Task requirements: Copy the lines below exactly. No picture goes into the copy.

Given information:
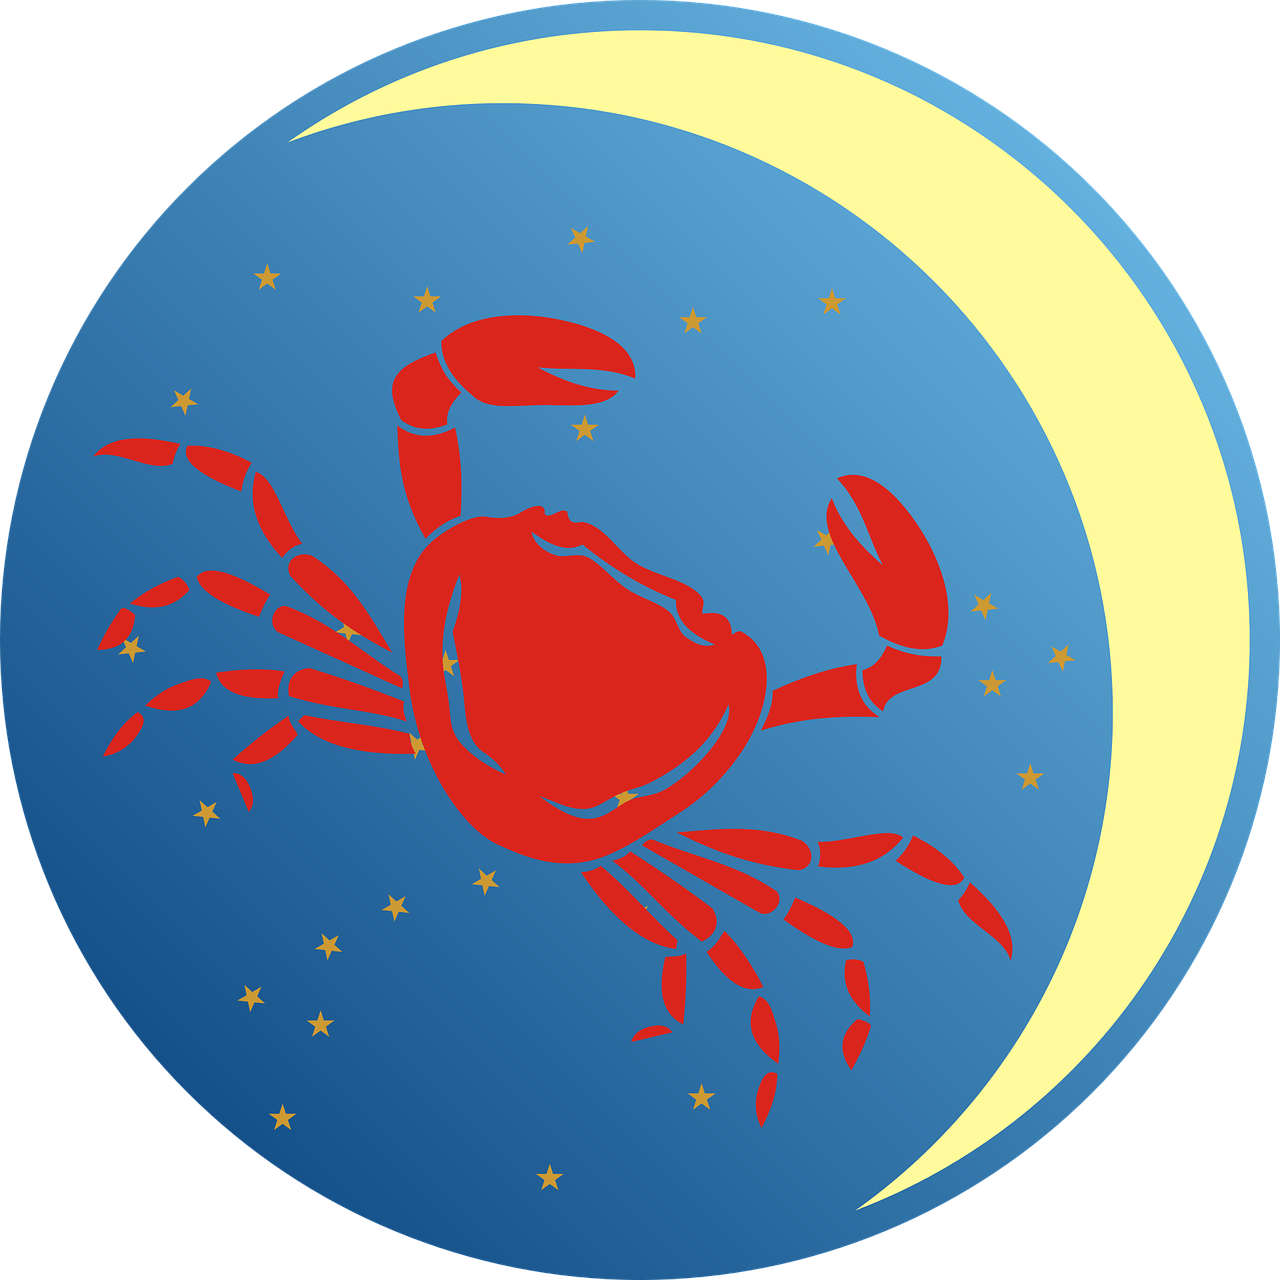 Illustration of the zodiac sign Cancer | Source: Pixabay
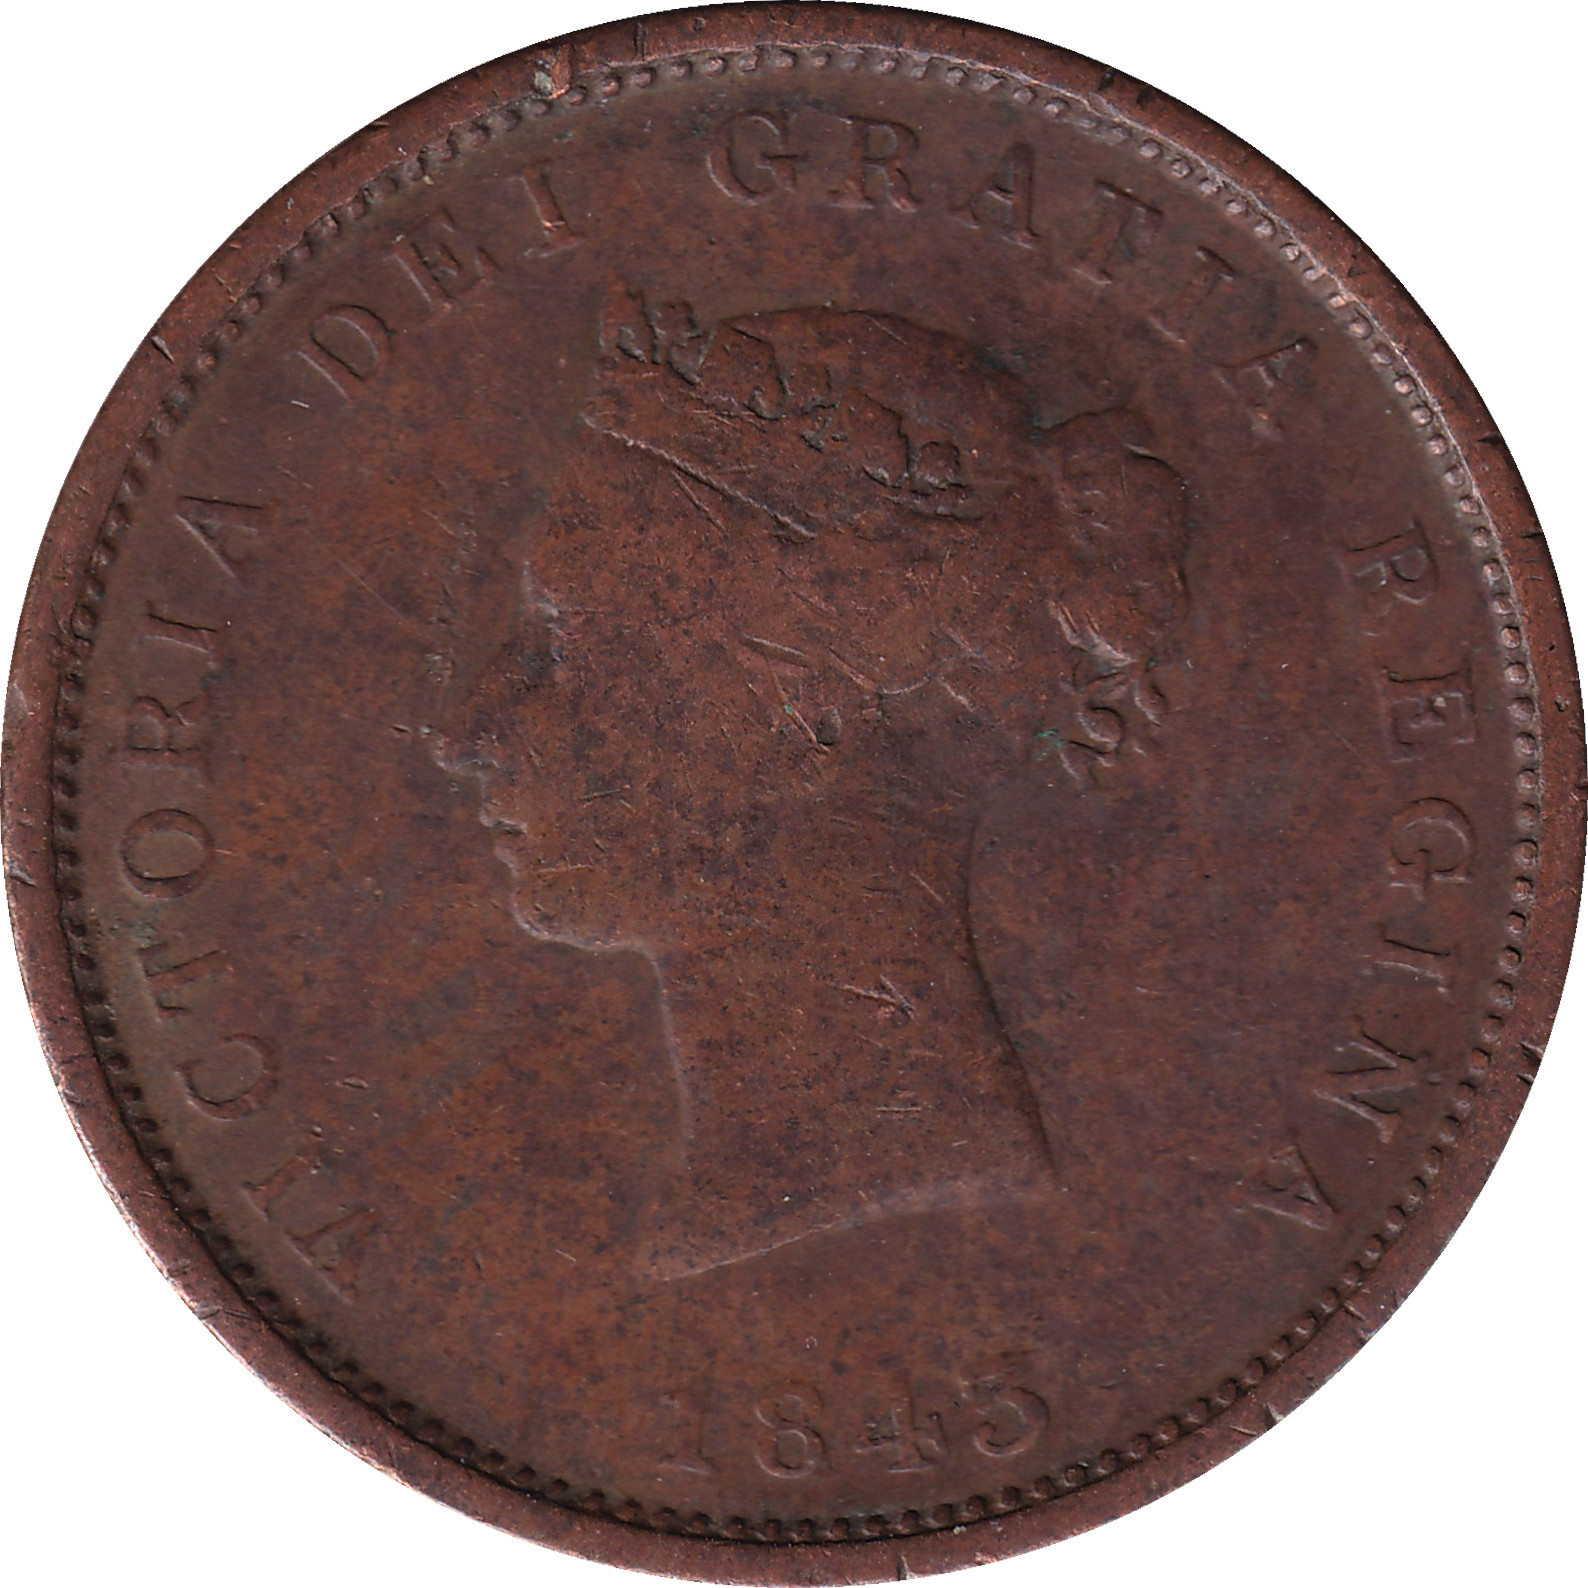 1 penny - Victoria - Young head
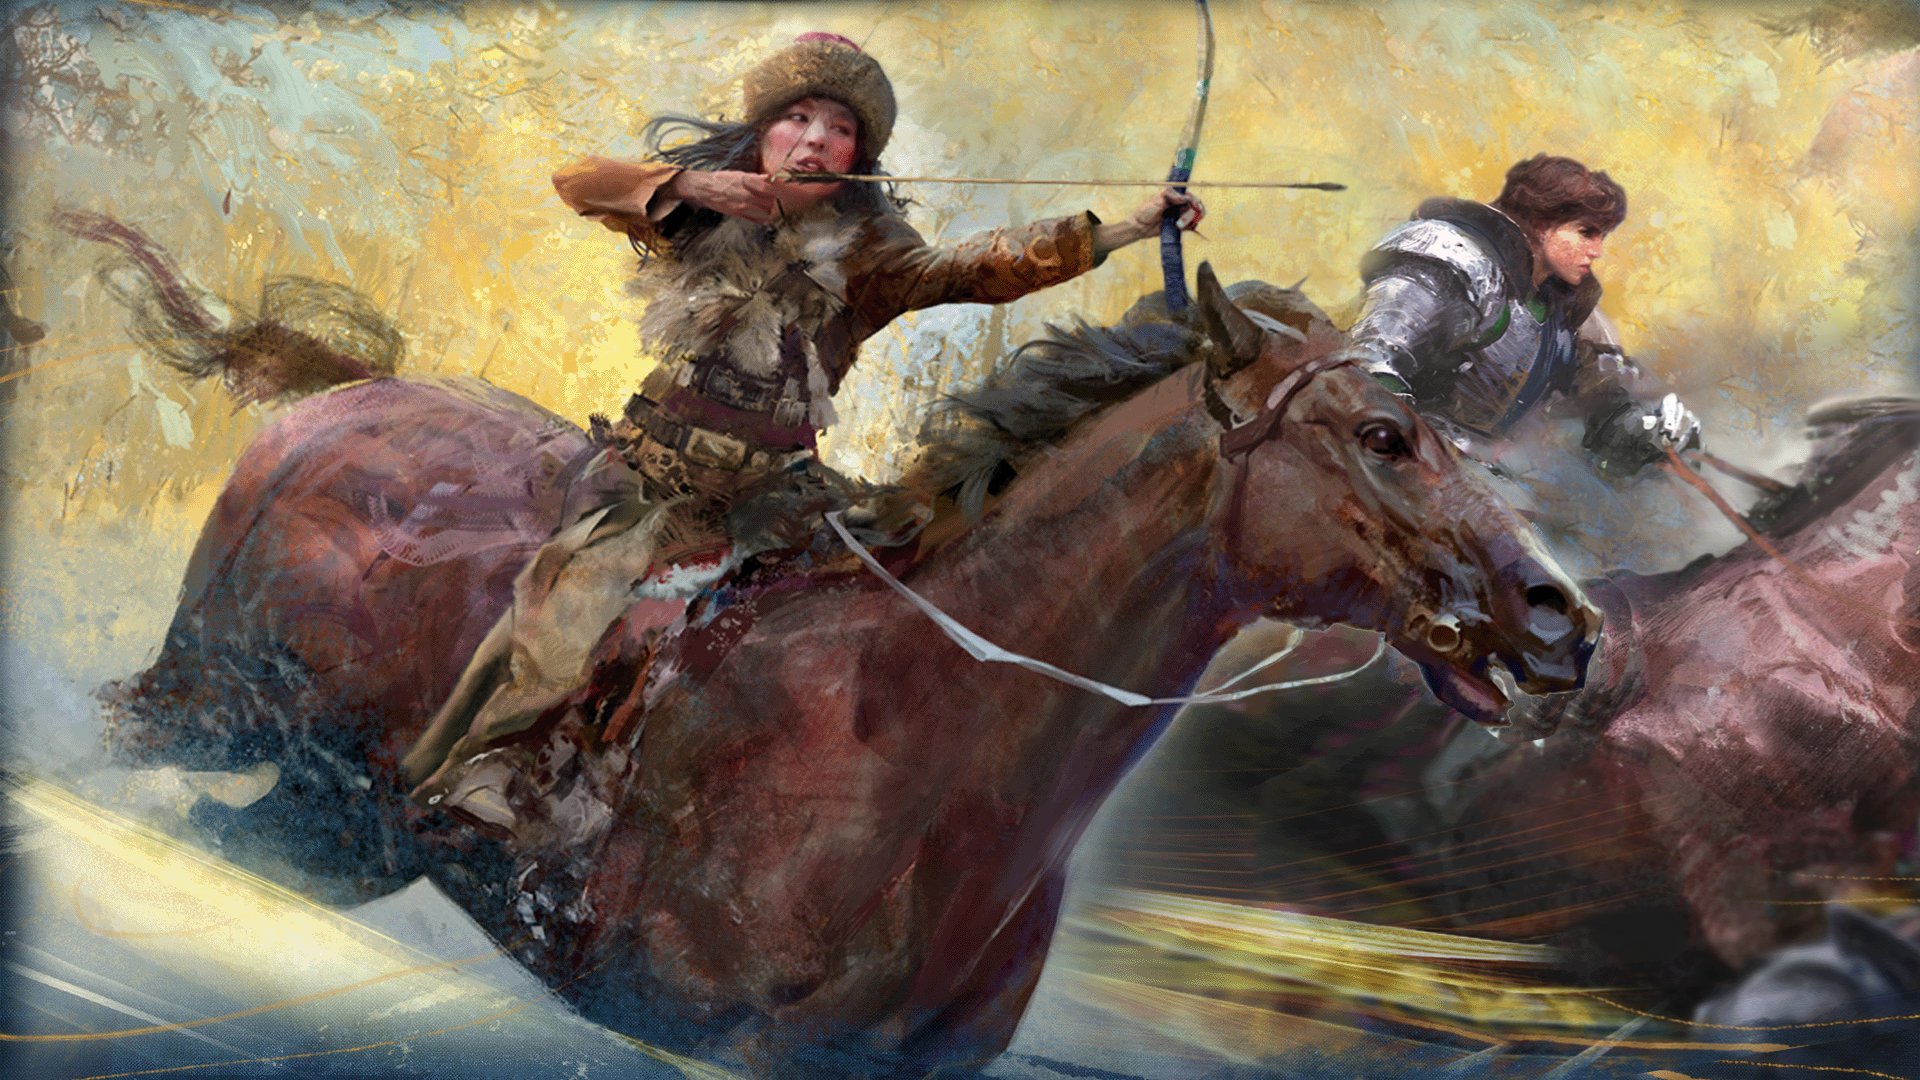 Craig Mullins art piece depicting a Mongolian woman archer on horseback with bow draw alongside Joan of Arc on horseback riding into battle.
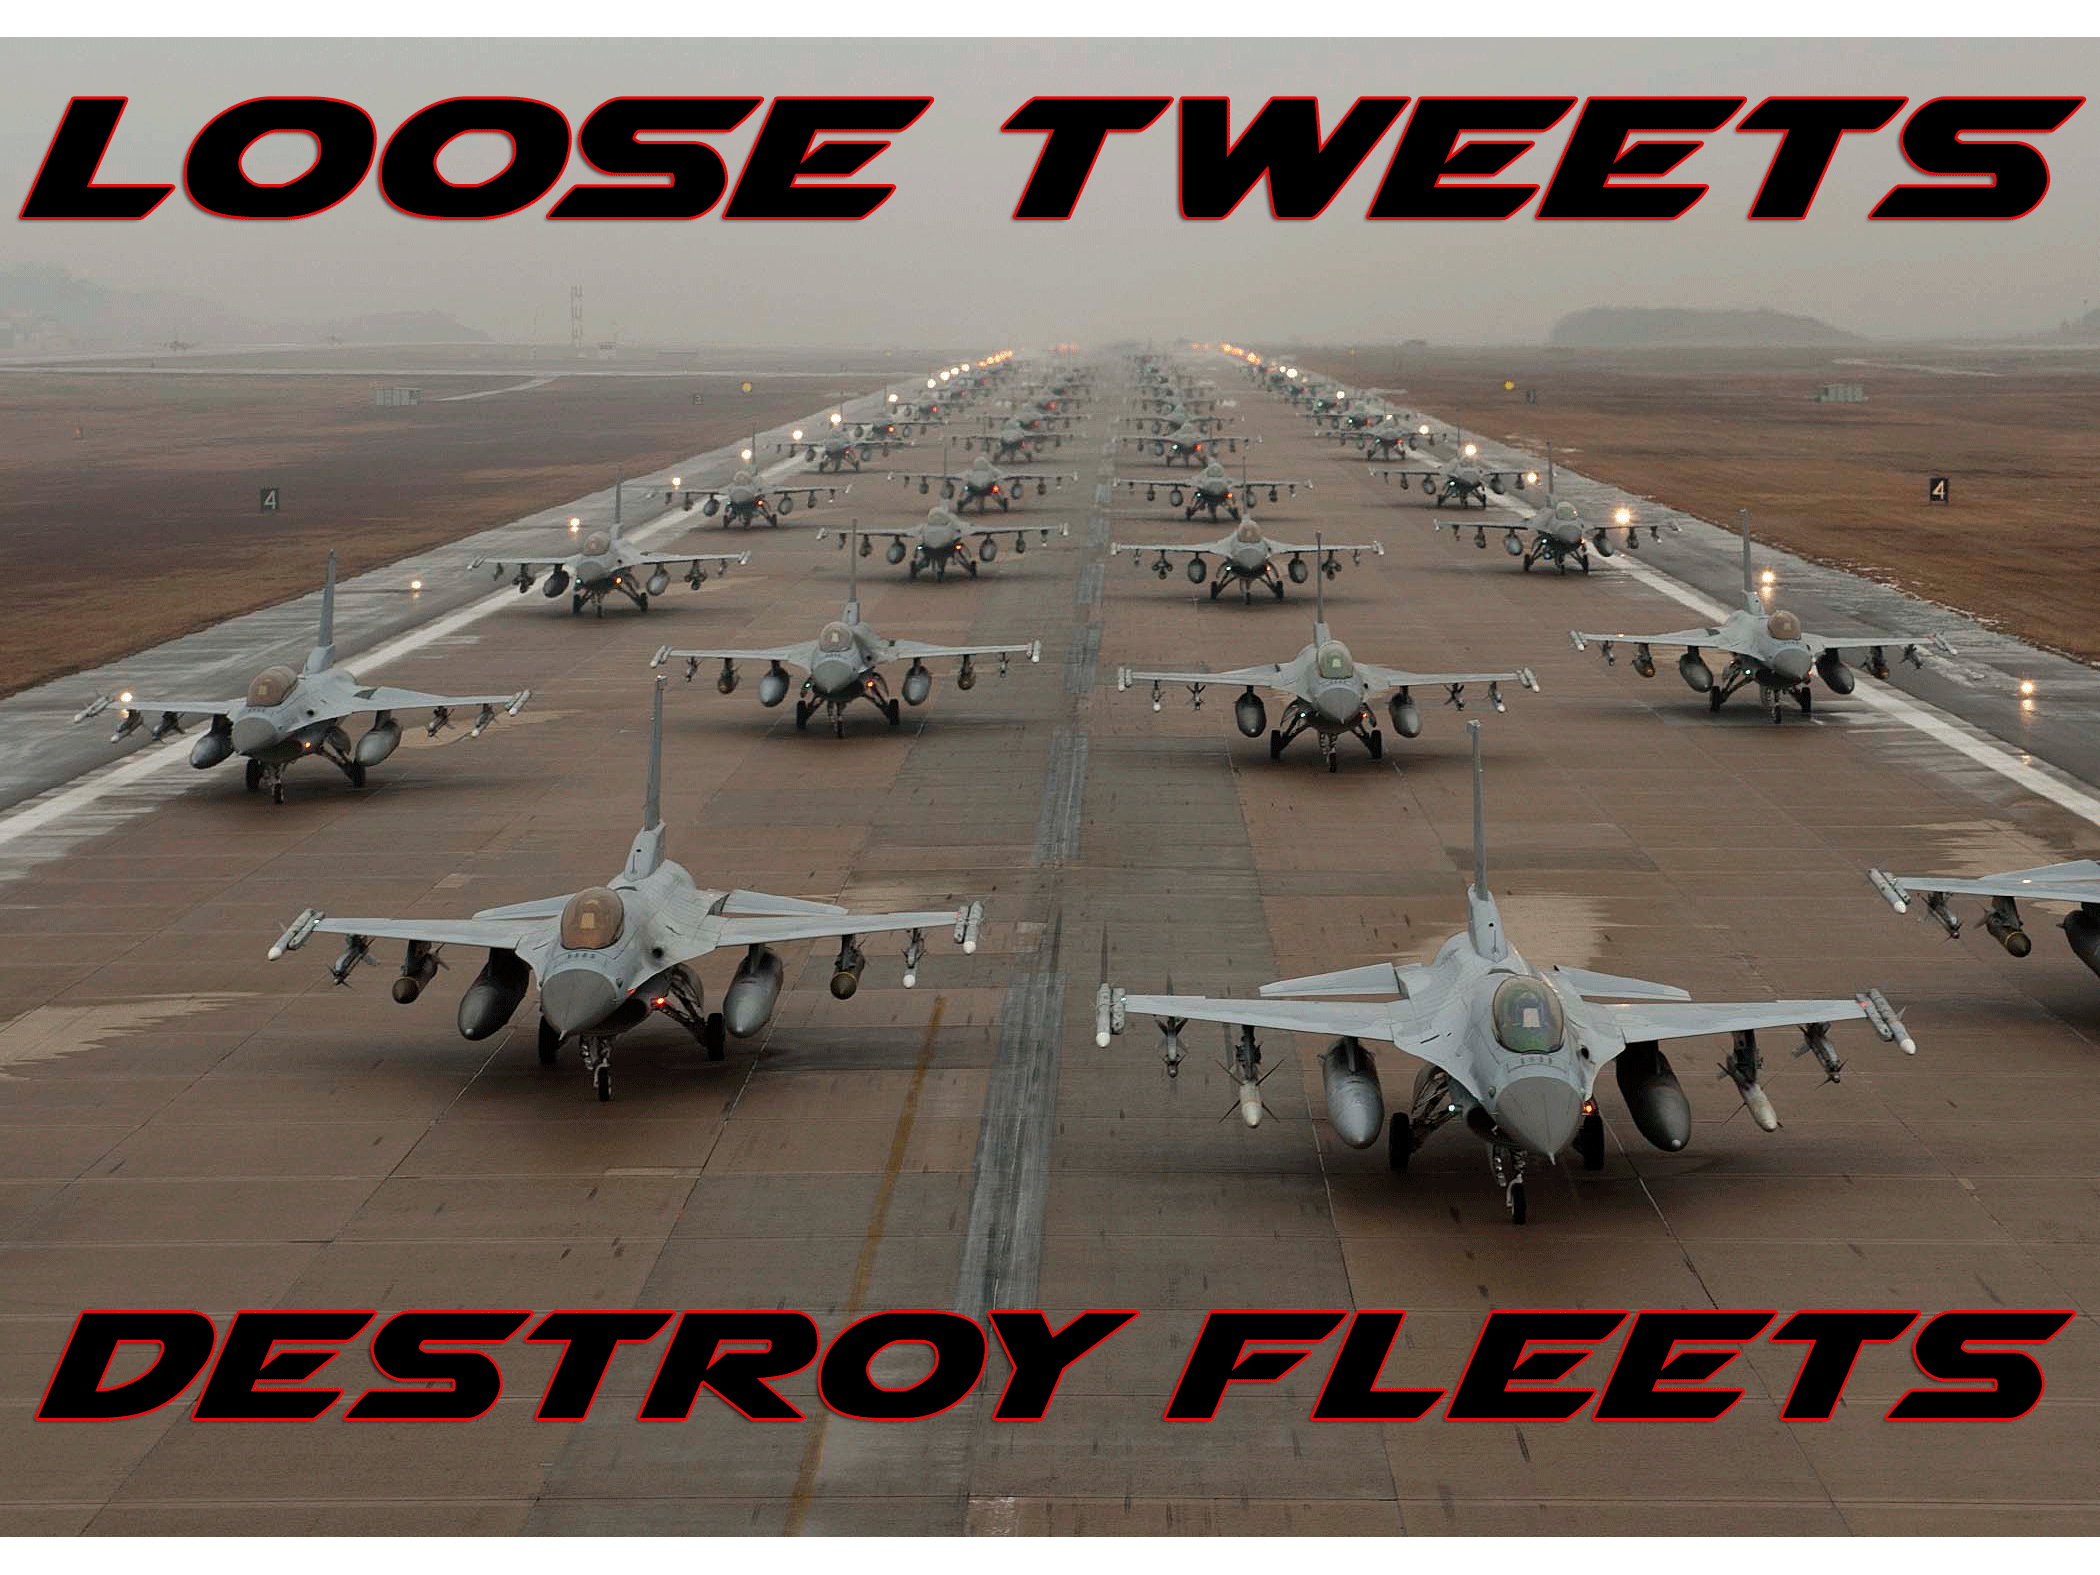 Loose tweets destroy fleets - US Air Force warns - Naked

The completed task:
 Illustration of the zodiac sign Cancer | Source: Pixabay
 1 penny - Victoria - Young head
 Craig Mullins art piece depicting a Mongolian woman archer on horseback with bow draw alongside Joan of Arc on horseback riding into battle.
 Loose tweets destroy fleets - US Air Force warns - Naked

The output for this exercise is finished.